Читаем ЯТ полностью

Следующими выступали братья клоуны-нуклоны Протон и Нейтрон. Они ловко жонглировали мю-мезонами, обменивались ими и быстро-быстро превращались друг в друга – так, что уследить, кто кем был и кто станет кем, не удавалось. Выглядело их выступление очень забавно – будто игра гигантского напёрсточника.

После них очень оригинально – из глубины народных масс – выступил виртуоз: сначала он продемонстрировал соло на пиле, а затем вынес из-за кулис фуганок и исполнил несколько фуг.

Объявили выступление певицы, но та не столько пела, сколько плясала – наверное, по замыслу режиссёра, анимизировала басню Крылова «Стрекоза и Муравей» в авангардистском плане, когда стрекоза послушалась-таки совета муравья и принялась плясать.

– Некоторые нынешние певицы, как кузнечики – поют ногами, – произнёс кто-то за моей спиной. Я повернул голову, нотам снова никого не было. Мне – тоже.

Пока я поворачивал голову, от меня ускользнуло представление конферансье следующего номера – пролетело мимо ушей. И потому я с любопытством ожидал само выступление, а дождался сюрприза: вышел шансонье и исполнил несколько шансов.

Программа концерта была насыщеннейшая: после шансонье на сцене показались, поддерживая друг друга, два пивонера – вернее, пивонер и пивонерка. Пивонер взял два горна и барабан и принялся барабанить горнами. Пивонерка стояла под салютом, переливающимся красочными огнями из пустого в порожнее.

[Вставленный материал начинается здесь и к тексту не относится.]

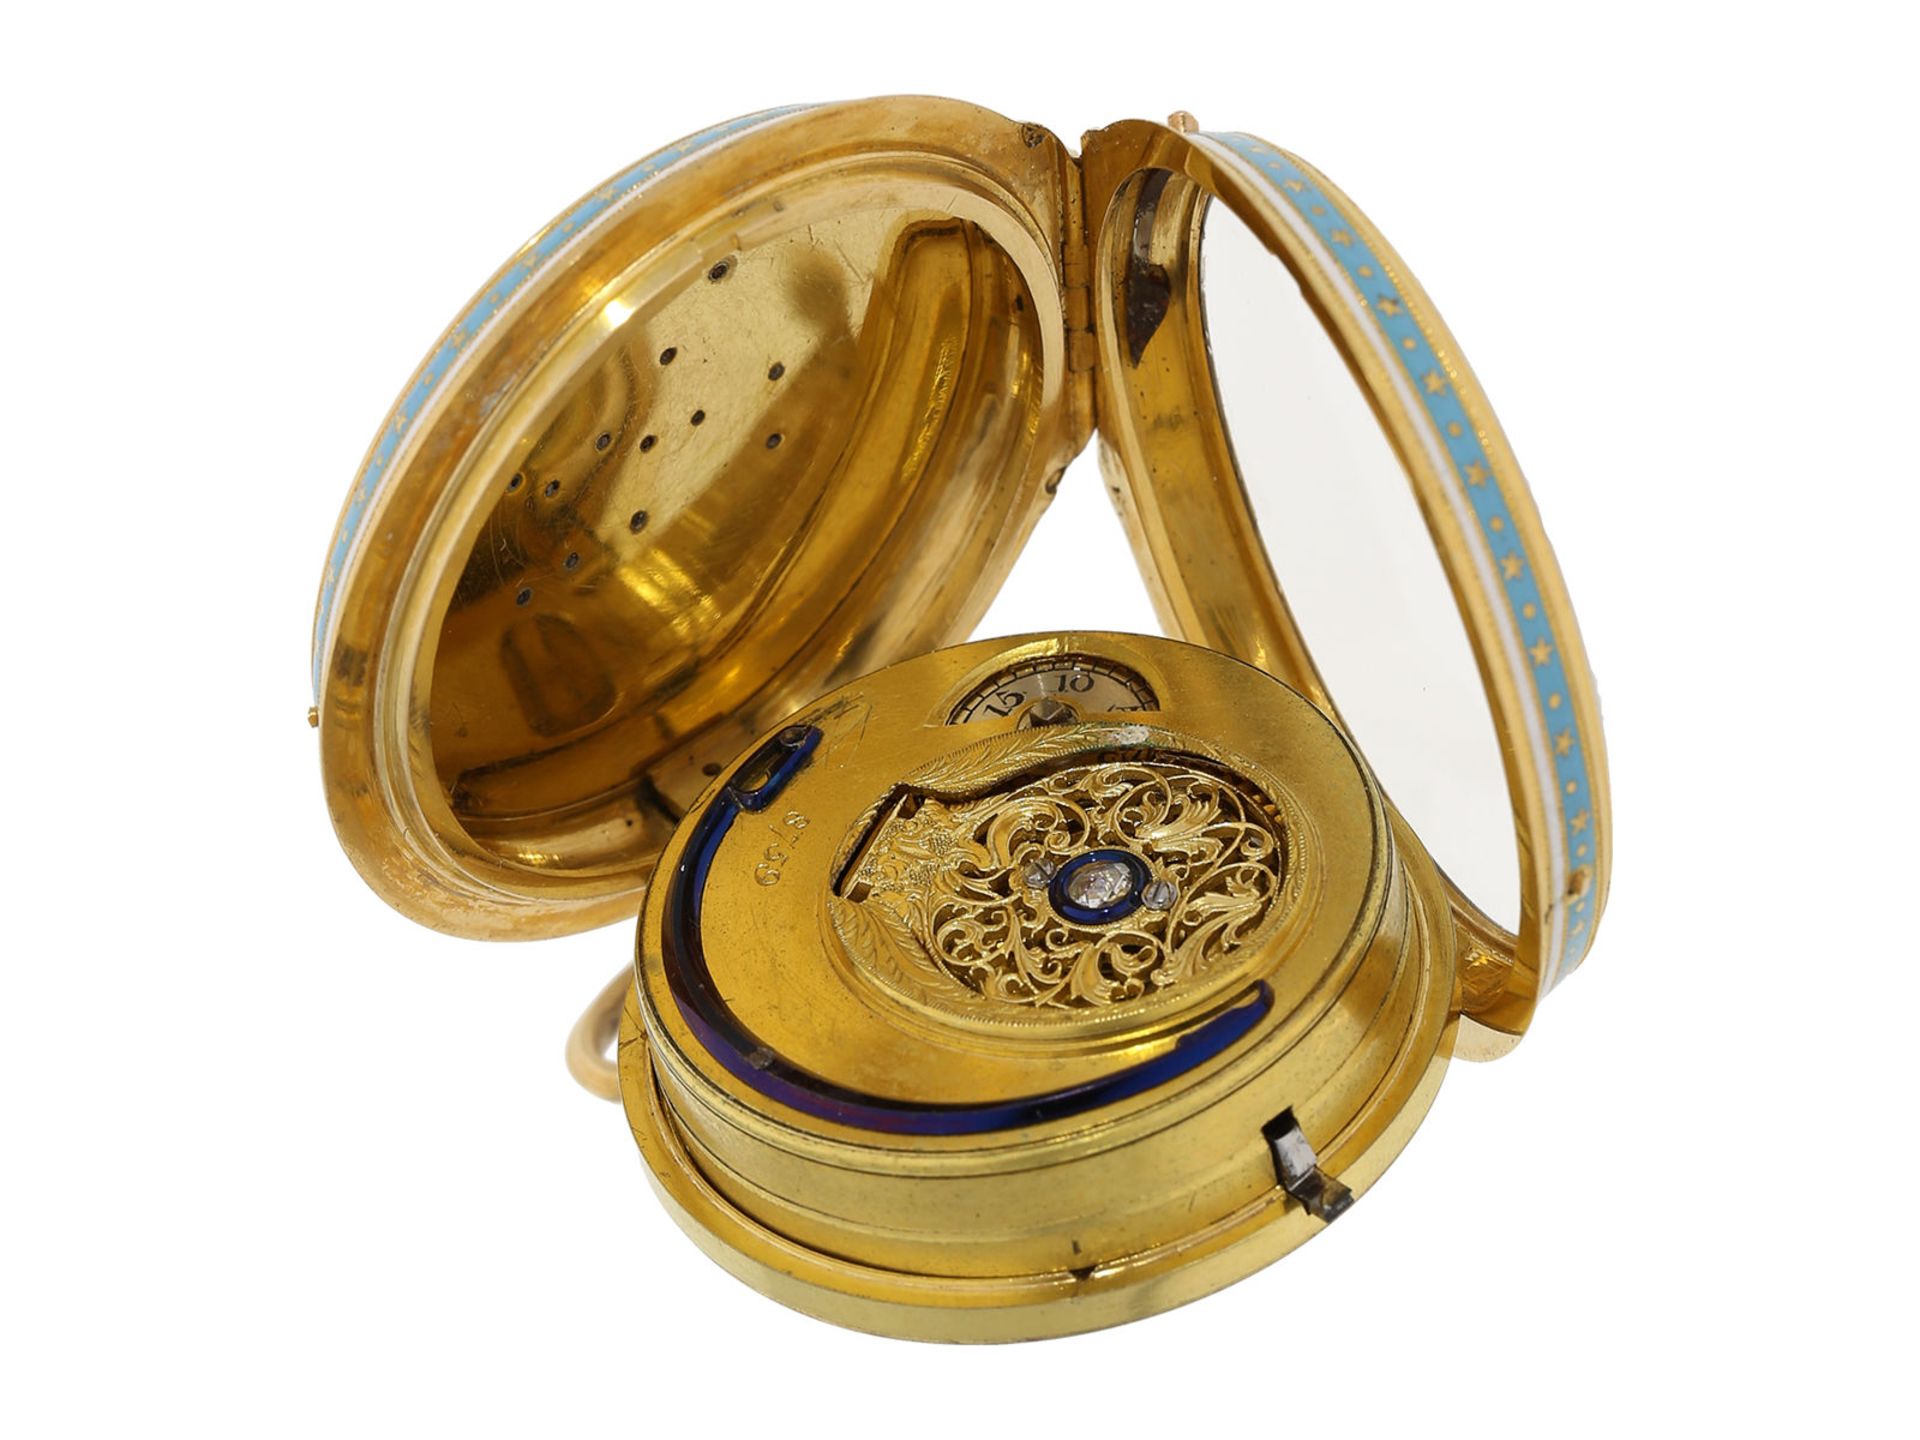 Pocket watch: exquisite gold/ enamel pocket watch with early cylinder escapement and diamond - Bild 4 aus 6

Выступил гитарист-одиночка. Он отколупывал звуки от струн по одному, и они мятой рисовой соломкой расстилались на помосте сцены.

Потом сводный хор исполнил арию Ленского из оперы «Евгений Онегин», что для нас прозвучало весточкой из дома.

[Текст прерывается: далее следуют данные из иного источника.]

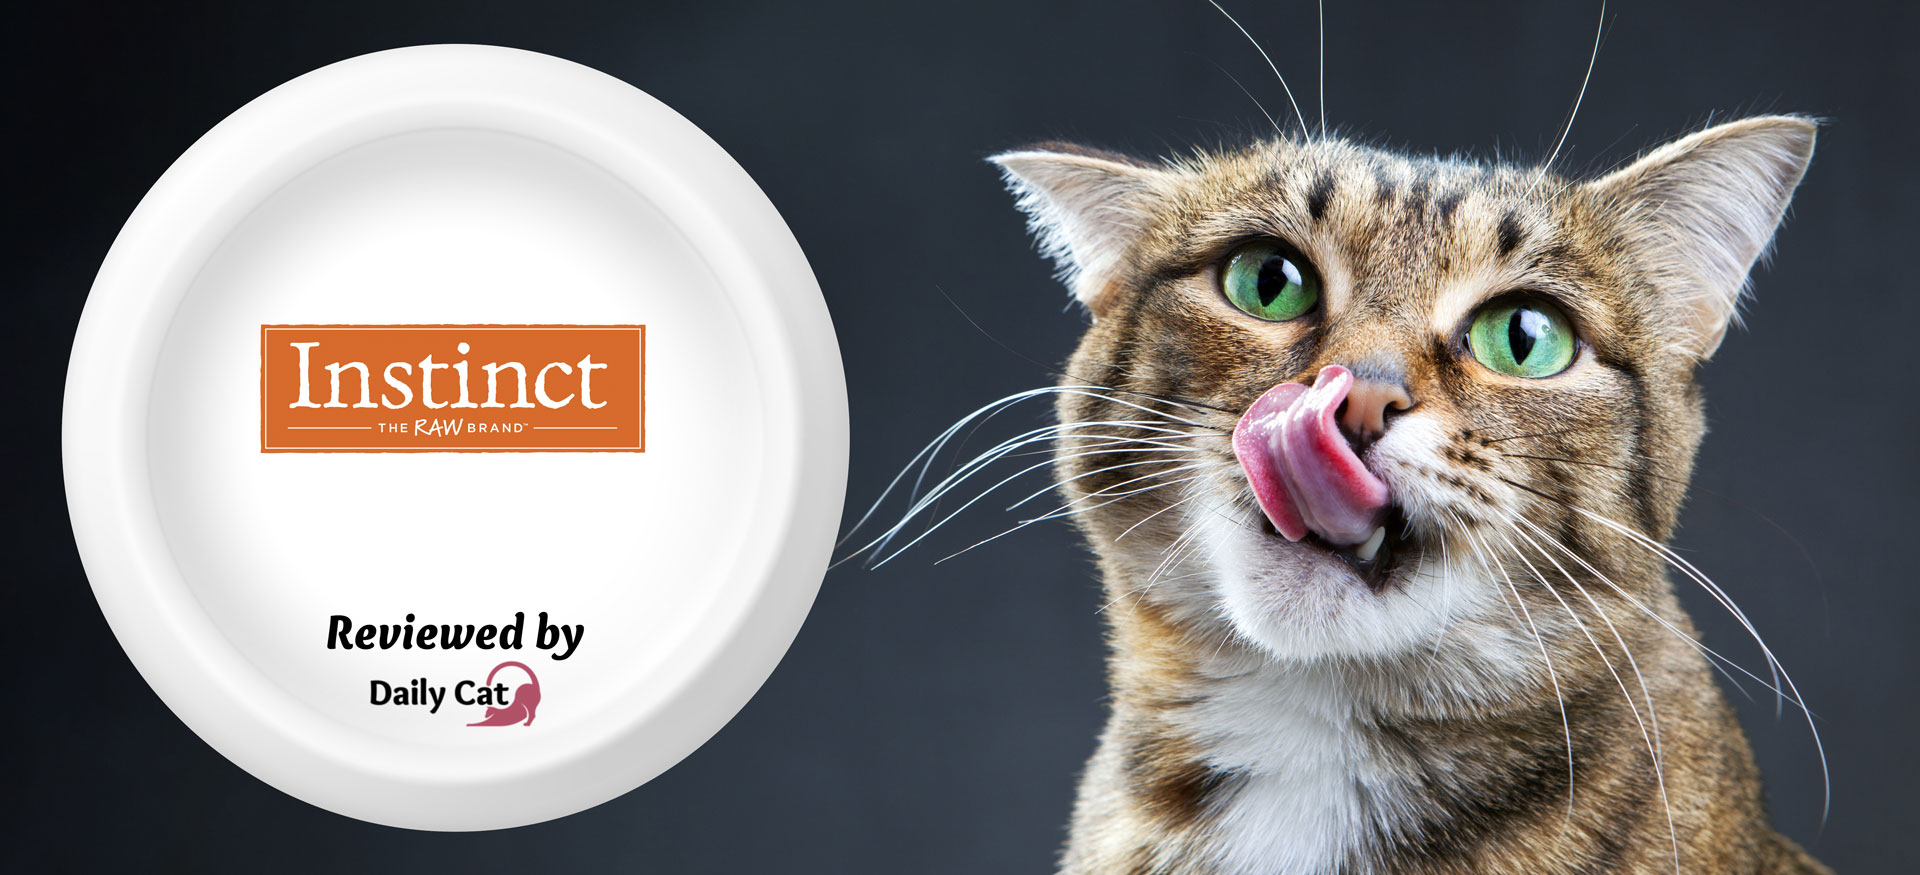 The Daily Cat-brand- Instinct Cat Food Review Graphic

Хор ушёл, и остался один певец. Конферансье объявил:

– Выступает известный оперный певец: поёт исключительно для оперативных работников, но остальные зрители могут оставаться на местах: я зачисляю вас в штат… Впрочем, теперь наш гость стал эстрадным, поскольку начал выступать на нашей эстраде. Попросим!

Певец исполнил не то арию, не то гектарию, а то и вообще – ни уму, ни сердцу – гербарию.

Пел он старательно, как следует открывая рот и поднимаясь на цыпочки. Не всё у него получалось с первого раза. Так, он никак не мог взять высокую ноту – очень уж высоко та находилась. Он и ручонки вытягивал, и на носочки становился, сняв их с себя и свернув калачиком – не помогало. Его голос напомнил мне ёршик для посуды: лохматенький, но не колючий.

Наконец, поднявшись на цыпочки и вытянув шею, ему всё-таки удалось достать верхнее «фа».

Его вызывали на бис. Но на бис он не вышел, а скромно встал в сторонке и ещё раз поклонился.

Шквала не было. Он просто сорвал буйные аплодисменты и пошёл, помахивая ими над ухом, будто отгоняя комаров.

– А почему, – спросил Том, – когда пение сольное, говорят, что голос медовый? Разве соль с мёдом сочетаются?

– Соль сочетается с фа и получается фасоль, – я сказал такую несусветную глупость, что сам устыдился и, чтобы отвлечь внимание Тома, указал ему на поднятое на флагштоке пренебрежение.

Пренебрежение трепетатоло на ветру, причём не обращая внимания ни на силу ветра, ни на его направление – само по себе, что мы определили по находящемуся рядом стандартному флюгеру.

На эстраде между тем появилась пивонистка. Она исполнила лёгкую игристую пенистую мелодию с хрустально лопающимися пузырьками.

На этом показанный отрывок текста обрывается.